Proposal to start sunsetting Bancor V3

Appendix

The Mechanism of Adjusting Trading Liquidity on Bancor V3

The design of the Bancor V3 protocol affords the DAO superb control over factors contributing to the systemic risks mentioned in the previous paragraph. Unlike typical AMMs, Bancor V3 can artificially reduce its bonding curve by partitioning the tokens available in its vault between “on-curve” and “off-curve” components. These mechanics are described in the Comprehensive Description of Bancor 3 section of BIP 15, and can be scrutinized in detail via the Bancor V3 simulation resources. Trading liquidity adjustments were expected to be a fairly routine aspect to management of the protocol. To understand what is being proposed, it is important that the arrangement of Bancor V3 be addressed.

The Master Vault

The Master Vault is where all the protocol tokens are stored. These are the “true” token balances; all deposits and withdrawals occur to and from this contract.

The Staking Ledger

The Staking Ledger is a record of the tokens received by the protocol, and is used to measure deficit and surplus resulting from trading via the protocol’s bonding curves, on a per-token basis (i.e. direct measurement of impermanent loss). When the master vault balance of a token is greater than the staking ledger balance, that token is in surplus; when the master vault balance of a token is less than the staking ledger balance, that token is in deficit.

The Liquidity Pools

The Liquidity Pools do not contain any tokens. The organization of Bancor V3 is inspired by Balancer V2, where the liquidity pools are designed to focus solely on the AMM functionality and are separated from the token management and accounting processes.

New function demo (illustrative purposes only)
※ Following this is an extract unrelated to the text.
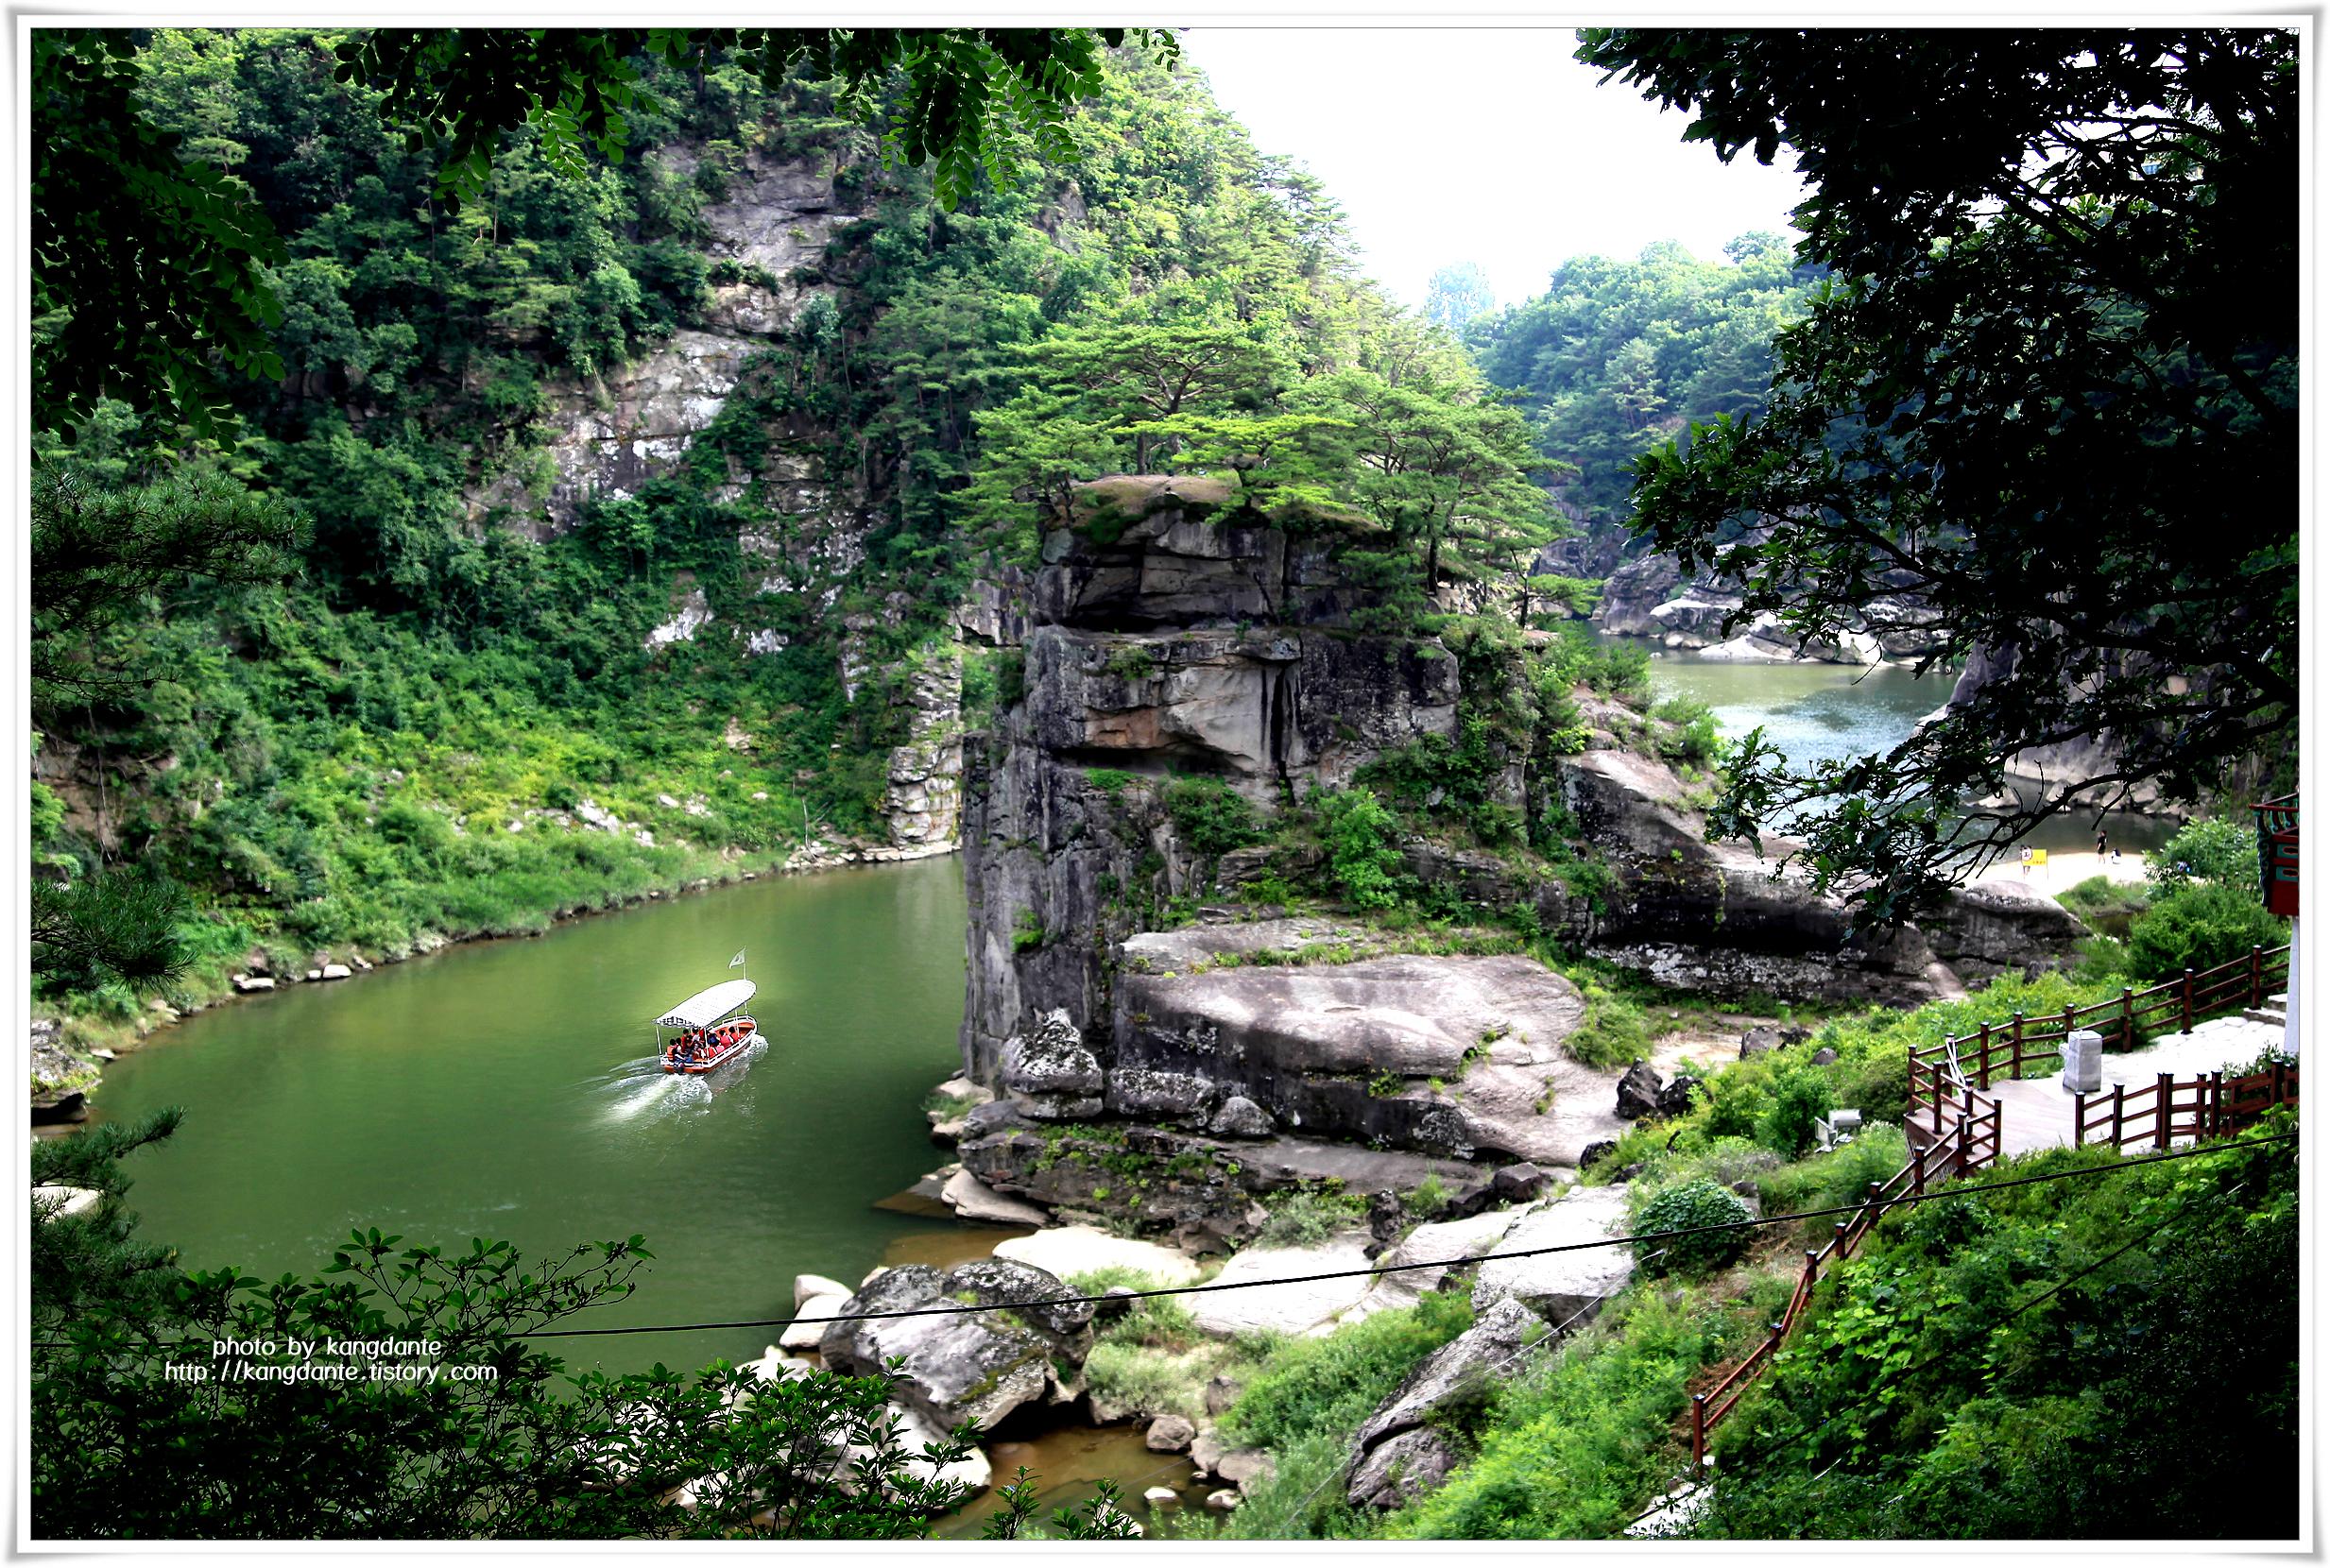 [한장의 사진] 한탄강 고석정(孤石亭)

from tabulate import tabulate

MASTER_VAULT = {
    'DRC' : 16348845,
    'FODL' : 10174584,
    'DAO' : 3375,
    'AUC' : 6338967,
    'DDX' : 6116,
    'KTN' : 37335,
    'SHEESHA' : 789,
    'APW' : 73710,
    'IDLE' : 32074,
    'HEGIC' : 1641375
    }

STAKING_LEDGER = {
    'DRC' : 1,
    'FODL' : 37,
    'DAO' : 0,
    'AUC' : 274,
    'DDX' : 0,
    'KTN' : 3,
    'SHEESHA' : 0,
    'APW' : 9,
    'IDLE' : 5,
    'HEGIC' : 458
    }

TRADING_LIQUIDITY = {
    'DRC' : {'BNT' : 0, 'DRC' : 0},
    'FODL' : {'BNT' : 0, 'FODL' : 0},
    'DAO' : {'BNT' : 0, 'DAO' : 0},
    'AUC' : {'BNT' : 16205, 'AUC' : 4162871},
    'DDX' : {'BNT' : 0, 'DDX' : 0},
    'KTN' : {'BNT' : 14213, 'KTN' : 23336},
    'SHEESHA' : {'BNT' : 11548, 'SHEESHA' : 789},
    'APW' : {'BNT' : 20370, 'APW' : 25936},
    'IDLE' : {'BNT' : 16327, 'IDLE' : 27518},
    'HEGIC' : {'BNT' : 13247, 'HEGIC' : 468402},
    }

CARBON_FEE_BURNER = {
    'DRC' : 0,
    'FODL' : 0,
    'DAO' : 0,
    'AUC' : 0,
    'DDX' : 0,
    'KTN' : 0,
    'SHEESHA' : 0,
    'APW' : 0,
    'IDLE' : 0,
    'HEGIC' : 0
    }

def nonzero_master_vault_balance(token):
    return(MASTER_VAULT[token] > 0)

def nonzero_trading_liquidity(token):
    return(TRADING_LIQUIDITY[token]['BNT'] > 0)

def token_in_surplus(token):
    return(MASTER_VAULT[token] >= STAKING_LEDGER[token])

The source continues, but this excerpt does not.